DATA BLOCK:

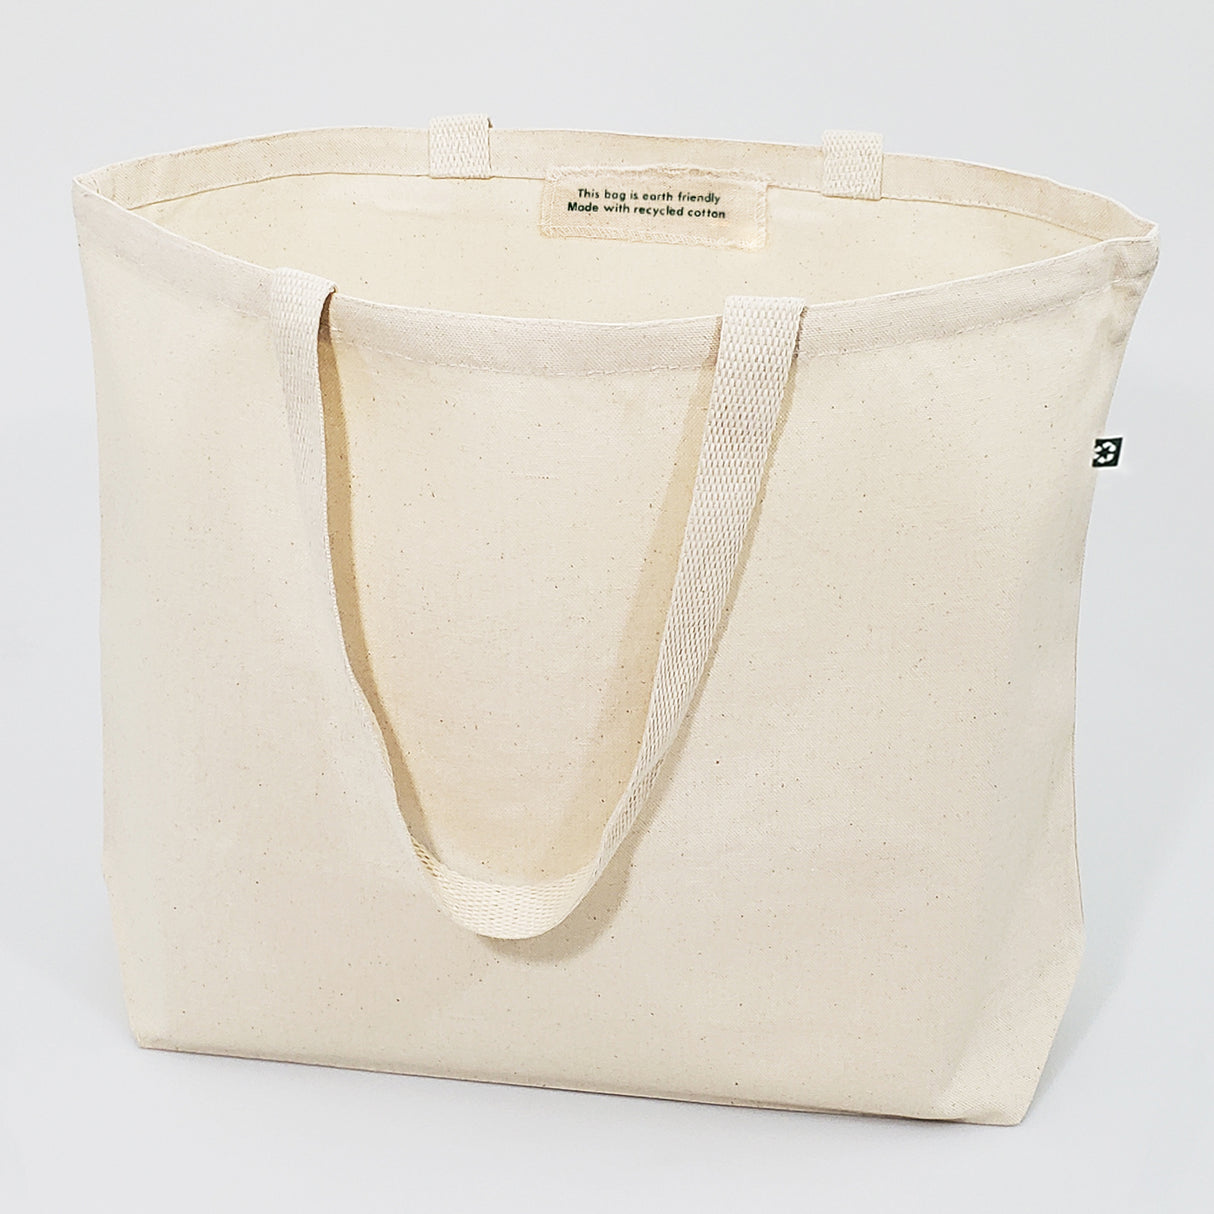 12 ct Large Recycled Cotton Canvas Tote Bags w/Gusset - By Dozen
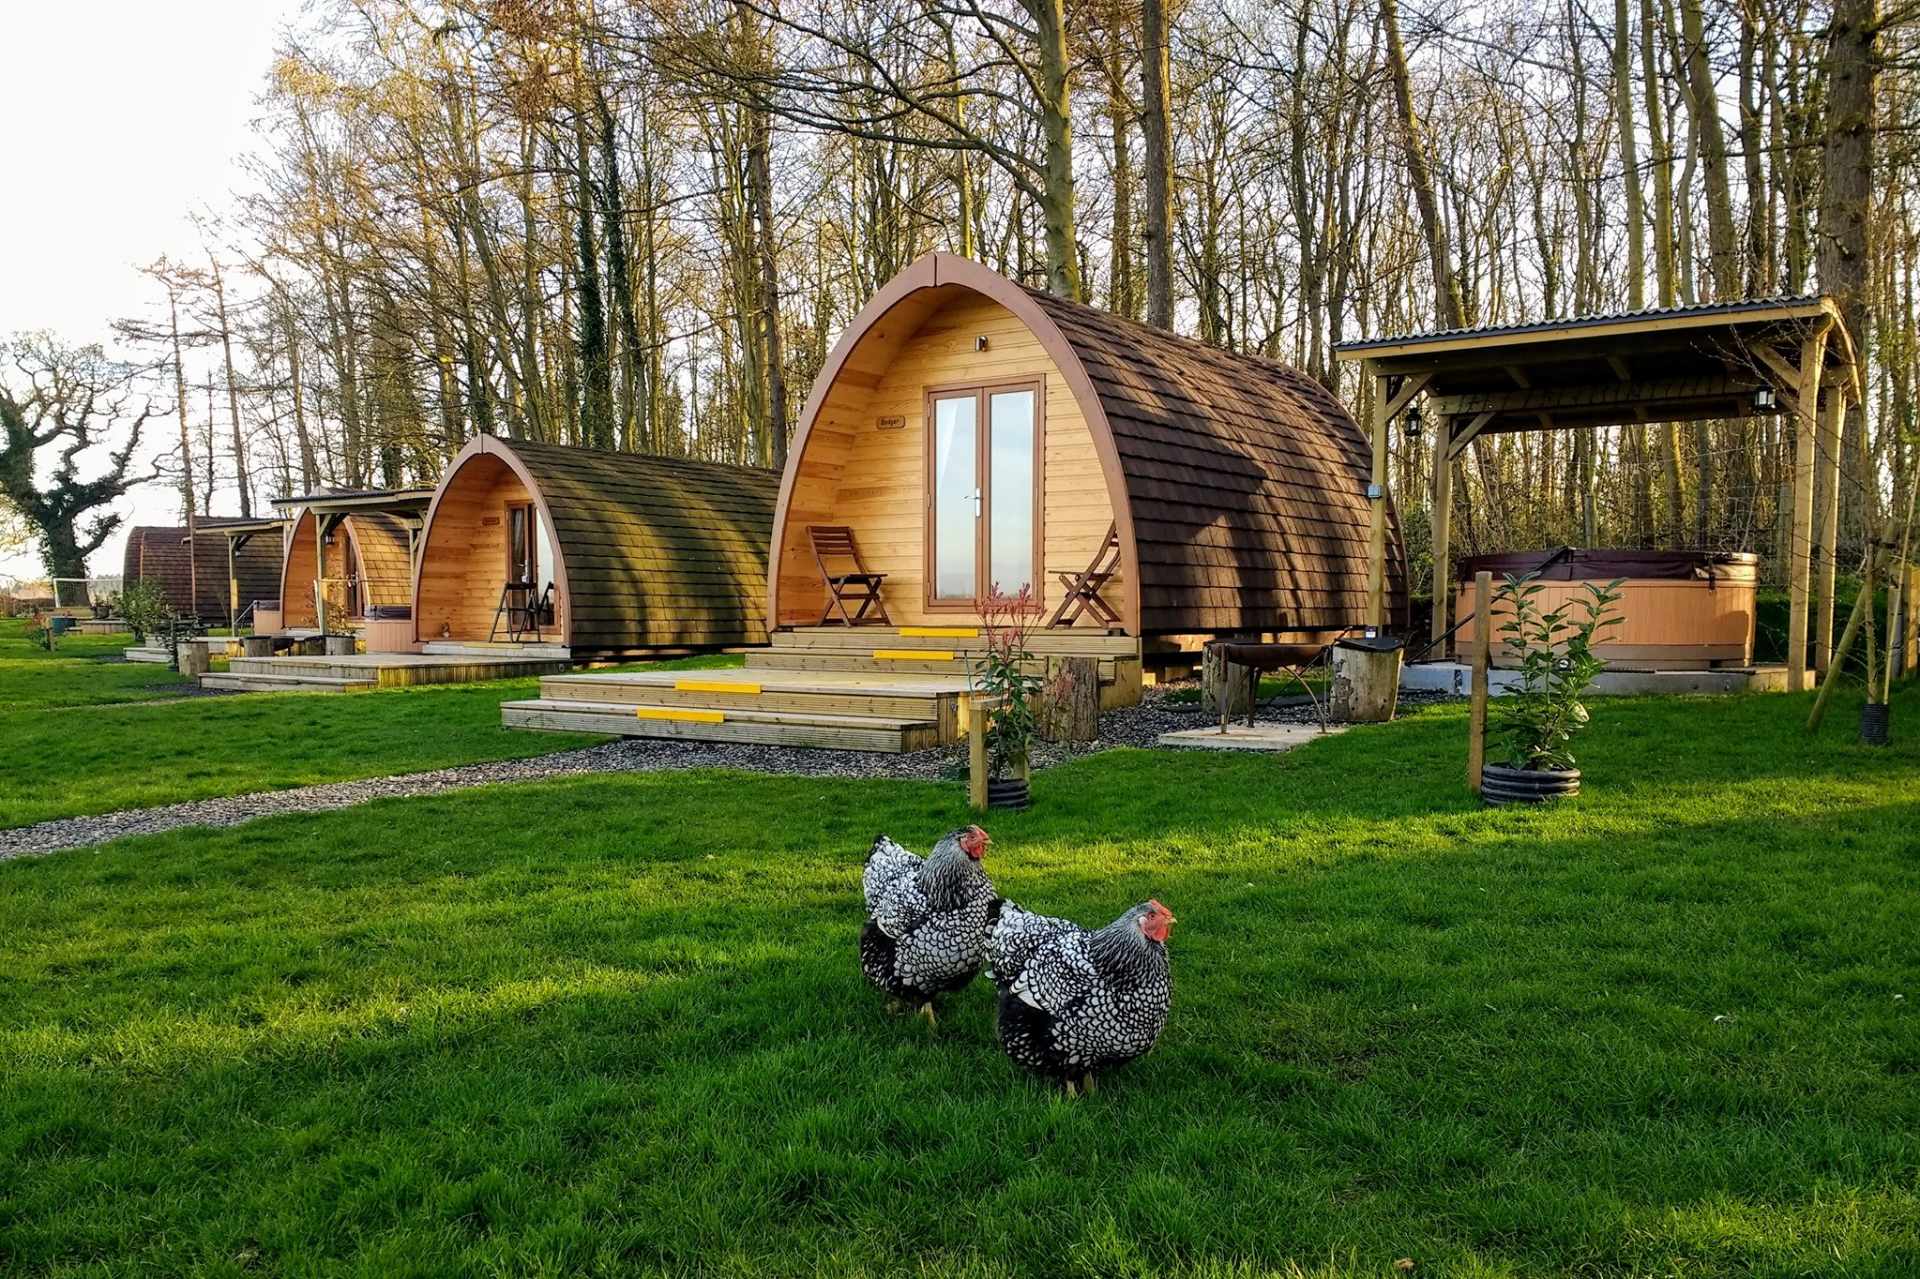 thornfield-glamping-pods-glamping-with-hot-tub-lake-district
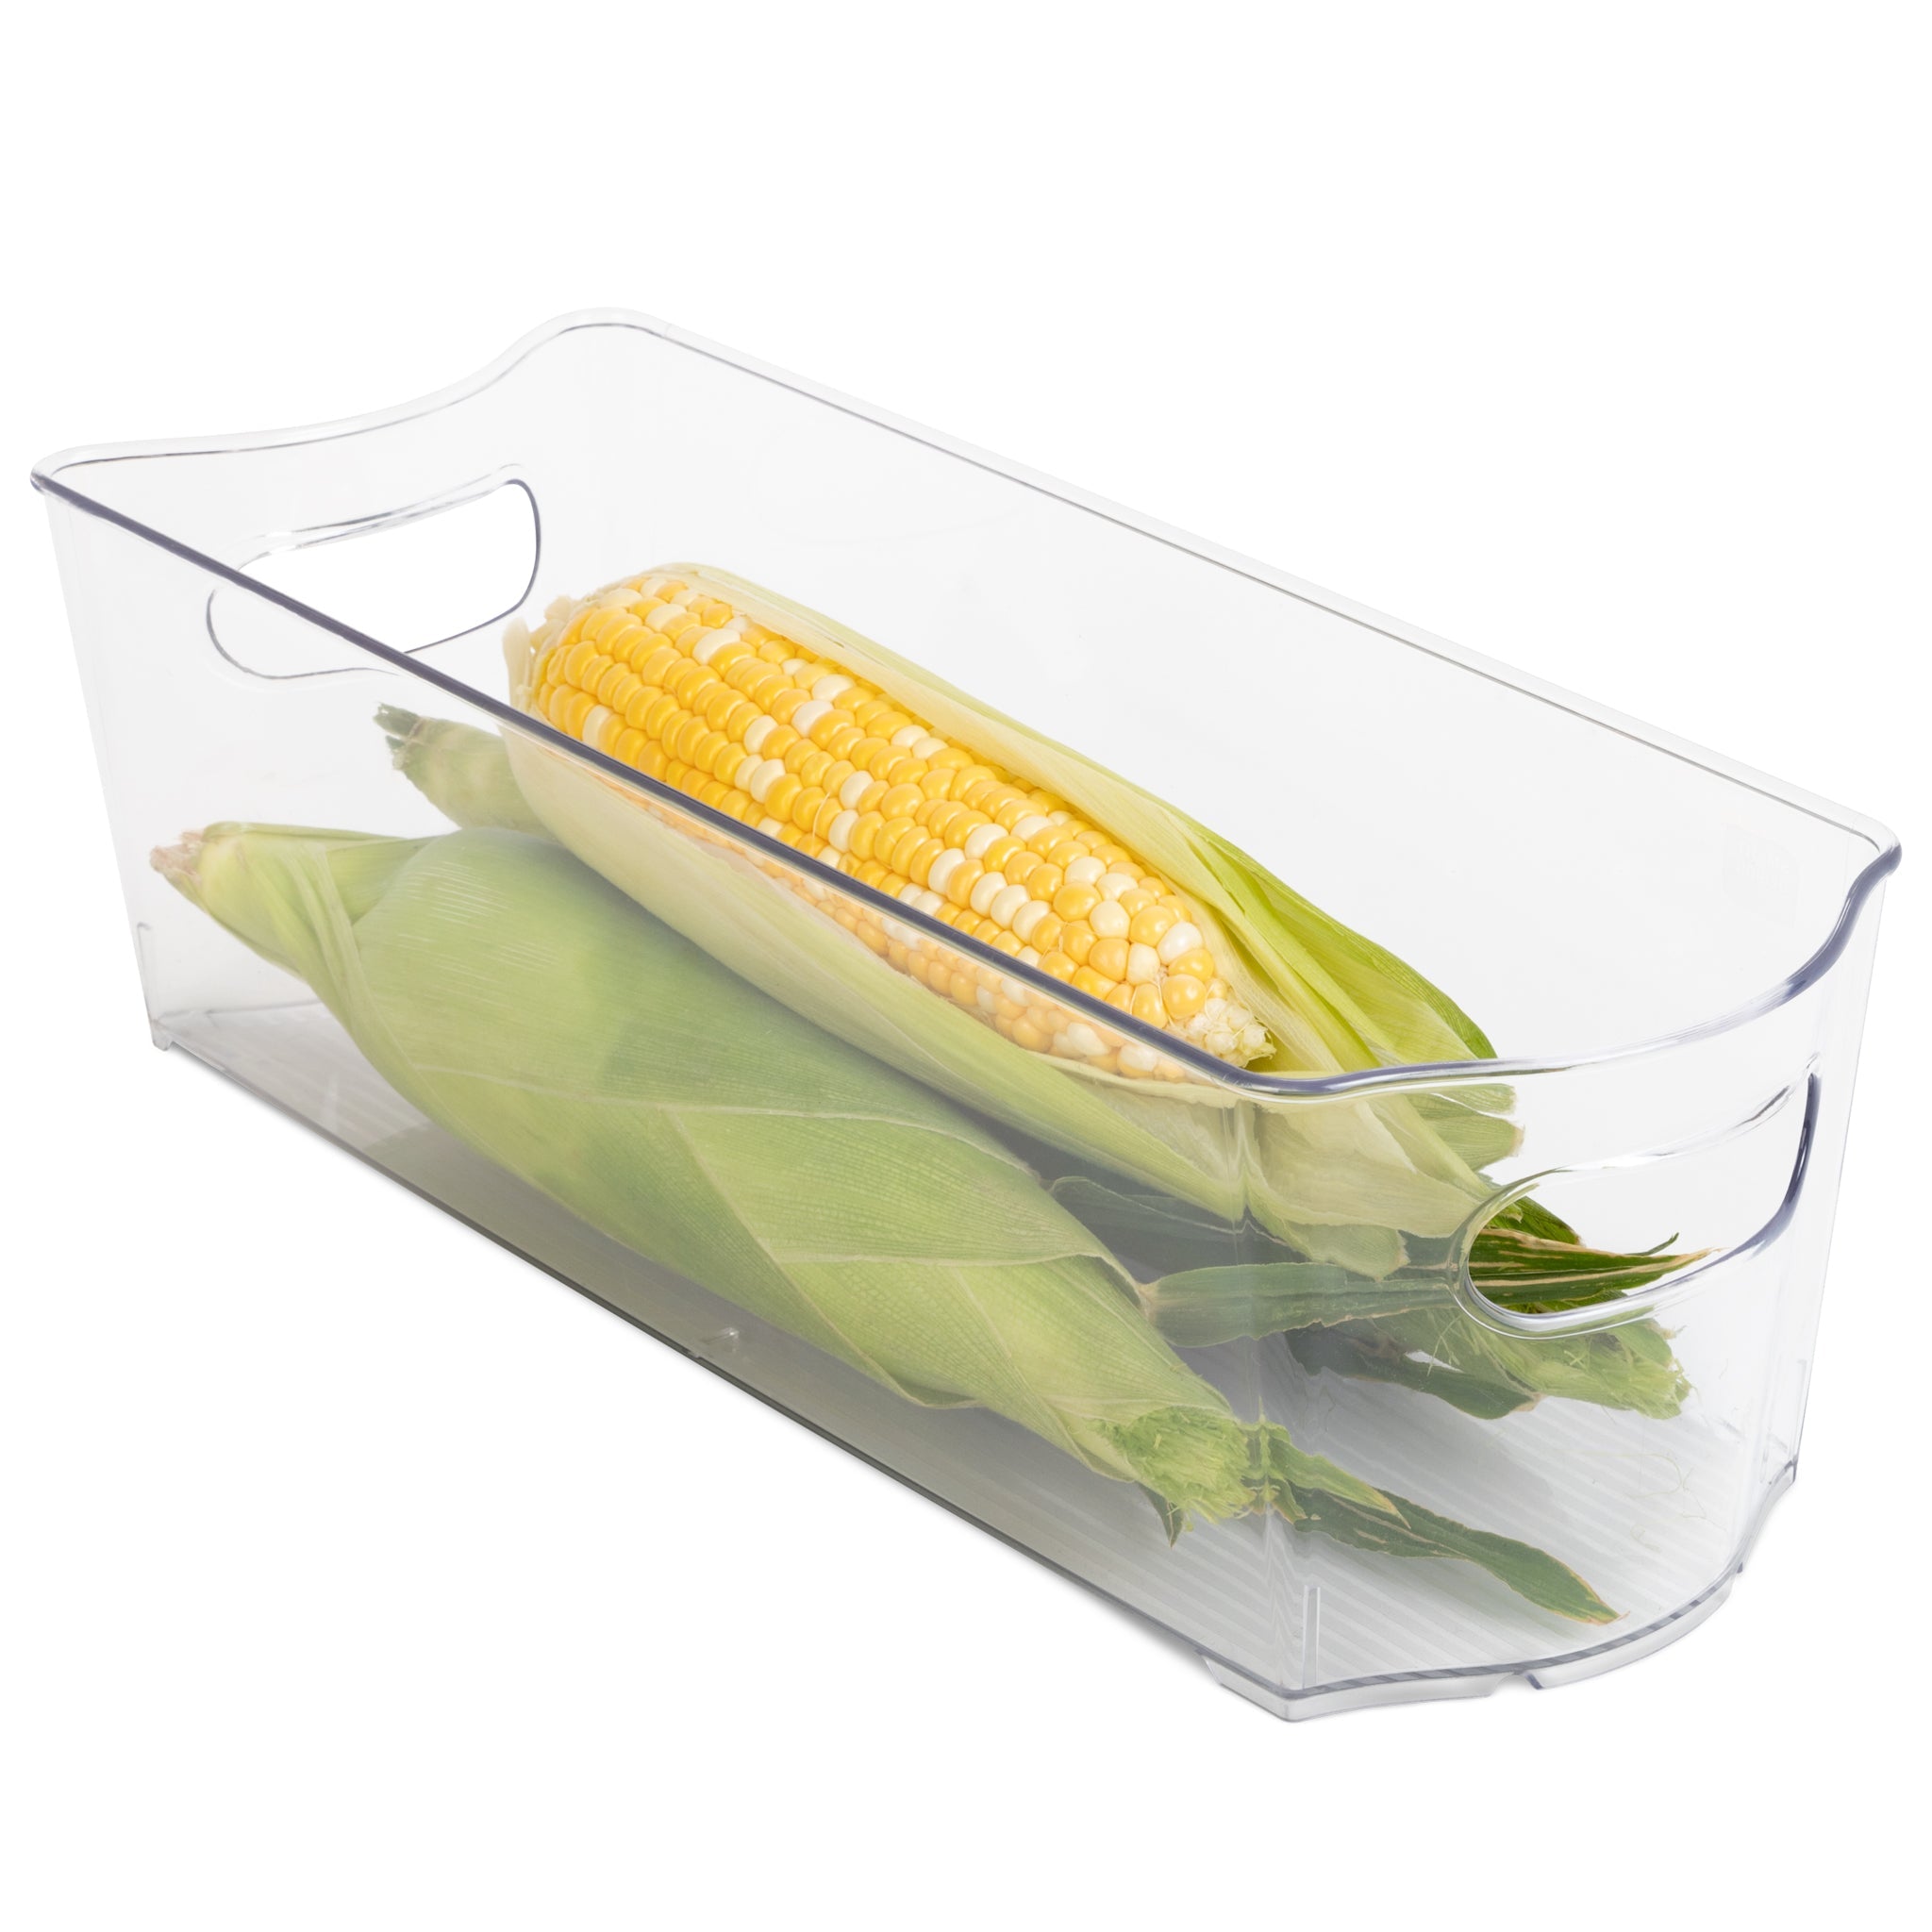 Stackable Clear Refrigerator Storage Bin with Handle - 8 pack - 6 x 16 inch - Smart Design® 2

WORK TASK: Every line of the material above must be written out exactly, with no pictures.

SOLUTION TO THIS TASK:
 12 ct Large Recycled Cotton Canvas Tote Bags w/Gusset - By Dozen
 thornfield-glamping-pods-glamping-with-hot-tub-lake-district
 Stackable Clear Refrigerator Storage Bin with Handle - 8 pack - 6 x 16 inch - Smart Design® 2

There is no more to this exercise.